Picked up this gem today. Couldnt get that crossover yet, it's trapped in it's display case. The owner is going to dig it out for me for the next time I come in.

Now I'm not sure if it's a typo when I made the list of what's at this shop...it might be an RT-x03 as I can't find any data for an x93. I'll have it in my hands soon enough and I'll be able to confirm it then.


----------



## CrimsonNCream

*Re: MTX Blue Thunder BTM44 specs*



CrimsonNCream said:


> How are the OS MTX mids? I know they aren't going to be for ultimate discerning taste but they may well be just what I'm looming for. Did they make full component sets I assume? I'm thinking of doing a complete MTX old school budget setup. My car is 5 1/4s in the front and rear. I haven't spent a ton of time looking but in the moderate time I have spent looking I haven't been able to find any old MTX 5 1/4" components.


I never see old school MTX mids anywhere. I'm doing a budget build in my little car and might consider something like this but I have no idea if these are any good. Are they?

If anyone sees some of these in 6 1/2 or an MTX Blue Thunder Pro 754 for sale online please let me know. Or really just any MTX amp that's super clean for mids. I see the 504, which I already have one, but I'm looking for a bigger 4 channel out of this line.


----------



## Team Bassick - Kimo

the old components that were dated with the thundercast series woofer were very nice from what I remember from our sound room. They didn't sell much as we had some other equivalent brands, with simalair qualities and better price point. 

I also have heard good things about the MTX gold series as well. 

However, with today's technologies unless you can fine a BNIB set of them I would not waste time searching for them. Best bang for the buck today is the PPI 3-way. I have only heard them active but, man do they sound awesome for their price.


----------



## 1styearsi

edouble101 said:


> I have a BNIB BTA2100. I am always looking for more of these amps


the BTA2100 is made buy ppi for mtx that's why it's a good amp LOL.
here you go get this 1
Old School MTX MTA225 2 Channel 5 Ohm Cheater Amp RARE USA Precision Power PPI | eBay
worth watching
https://www.youtube.com/watch?v=FZH2j0f2sWc
https://www.youtube.com/watch?v=7mHhaQUrQCw
https://www.youtube.com/watch?v=C99S7lCaP0o
https://www.youtube.com/watch?v=s2eDNfSmHD8
there is a reason why rockford has a good rep.....check it
https://www.youtube.com/watch?v=oLNwvUyhw_8


----------



## Brownsfan

Man I wish I still had my old school MTX gear. I worked for a big MTX dealer back in 2001-2005. The accommodation program was awesome. I had 2 of the 8000 series 10s and a 8100d(overkill) and the high end components 2 sets. I can't remember what they called them. Then a big 4 channel. I can't remember the model number. Sold that set up for 1 9500 12 with a 1501d thunder elite amp (shiny black with built-in fan ) the newer version of the high end components X2 and the thunder elite 942 I think. I wish I would have at least kept the amps.


----------



## MACS

1styearsi said:


> the BTA2100 is made buy ppi for mtx that's why it's a good amp LOL.

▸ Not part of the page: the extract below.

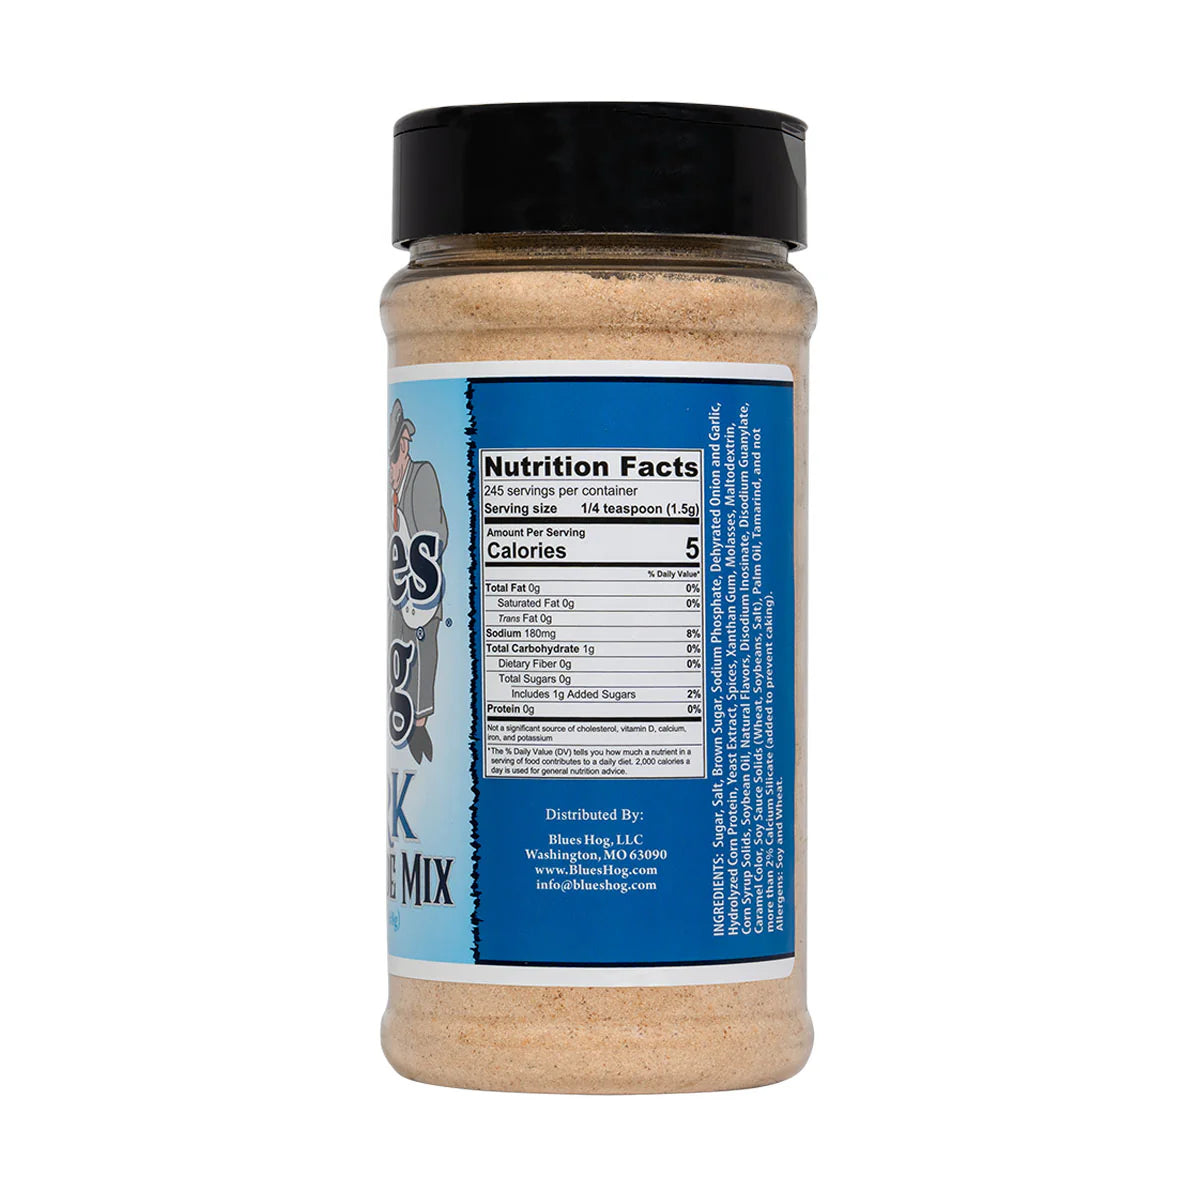 The side of a jar of Blues Hog Pork Marinade Mix with a black lid, showing the nutrition facts label. The label indicates 245 servings per container, with each serving size being 1/4 teaspoon (1.5g). The mix contains 5 calories, 0g total fat, 180mg sodium, 1g total carbohydrate, and 0g protein per serving. Ingredients include spices, salt, brown sugar, dehydrated garlic and onion, and more.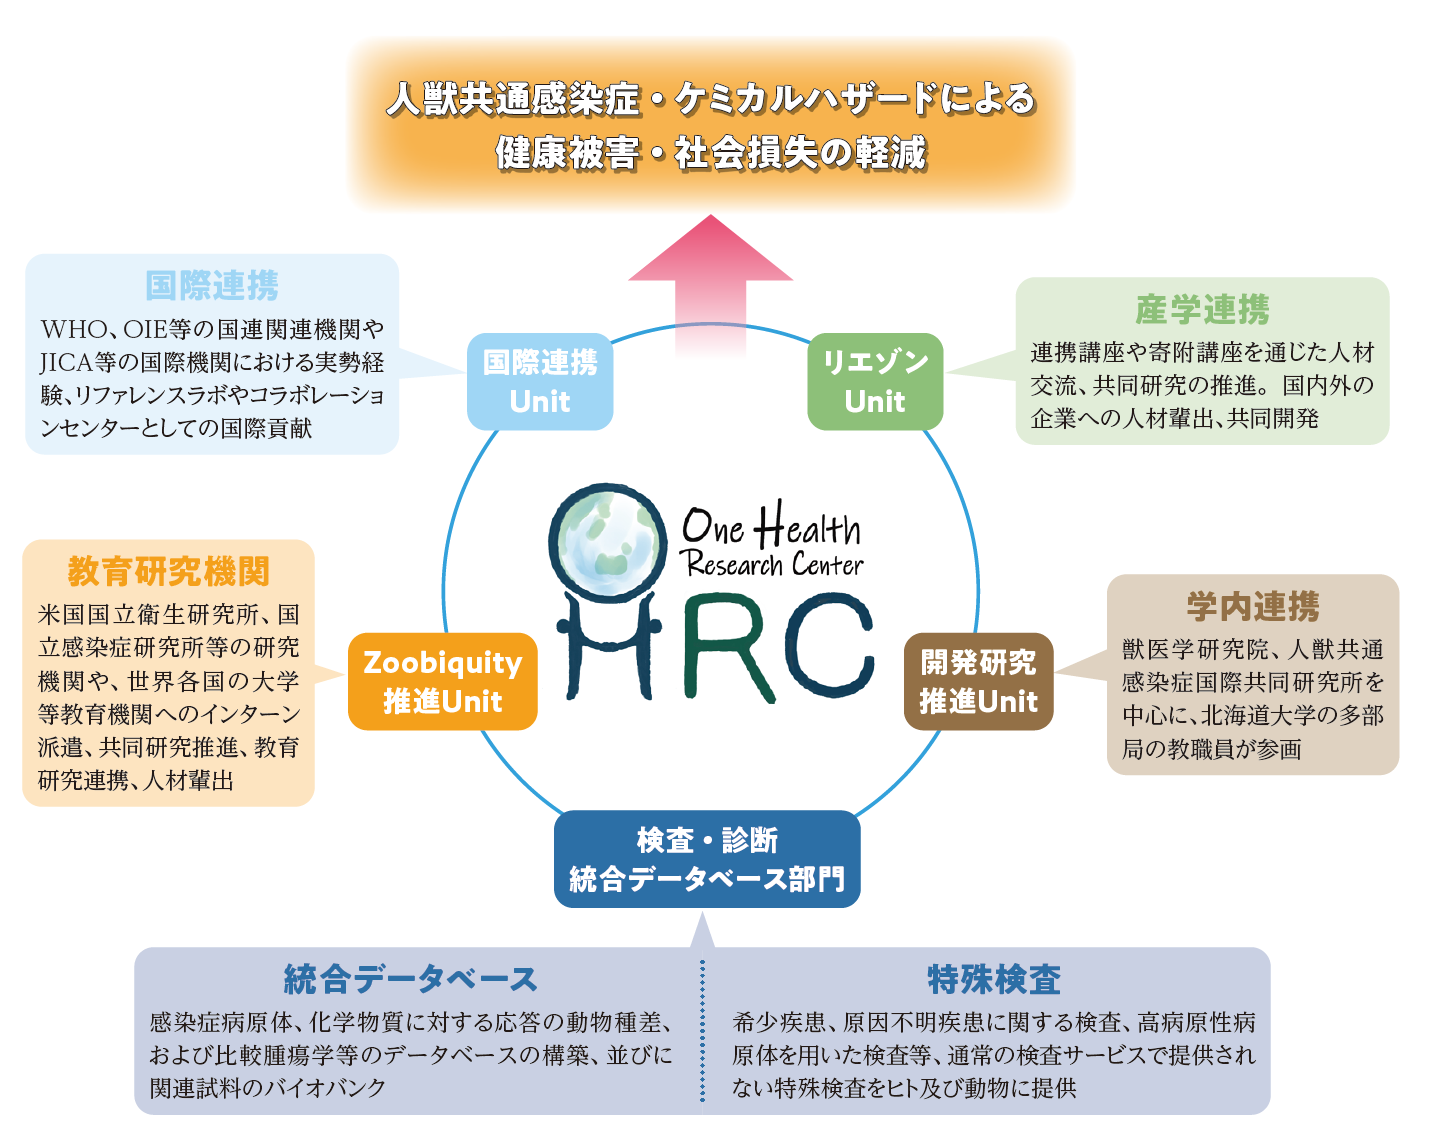 One Health Research Center (OHRC)説明図①

The BTA2100 is made by Orion. The "MTA" amps were made by PPI.


----------



## 1styearsi

MACS said:


> The BTA2100 is made by Orion. The "MTA" amps were made by PPI.


okay still not made buy mtx.
so they didn't start building their own amps till the thunder series?
when they kinda stole guy that designed the RF PUNCH HD's at least that's what the rockford rep told me in 1994.
forgive me i'm feeling kinda juvenile.:laugh::laugh:


----------



## MACS

Ok. We get that you don't like MTX amps.


----------



## 1styearsi

MACS said:


> Ok. We get that you don't like MTX amps.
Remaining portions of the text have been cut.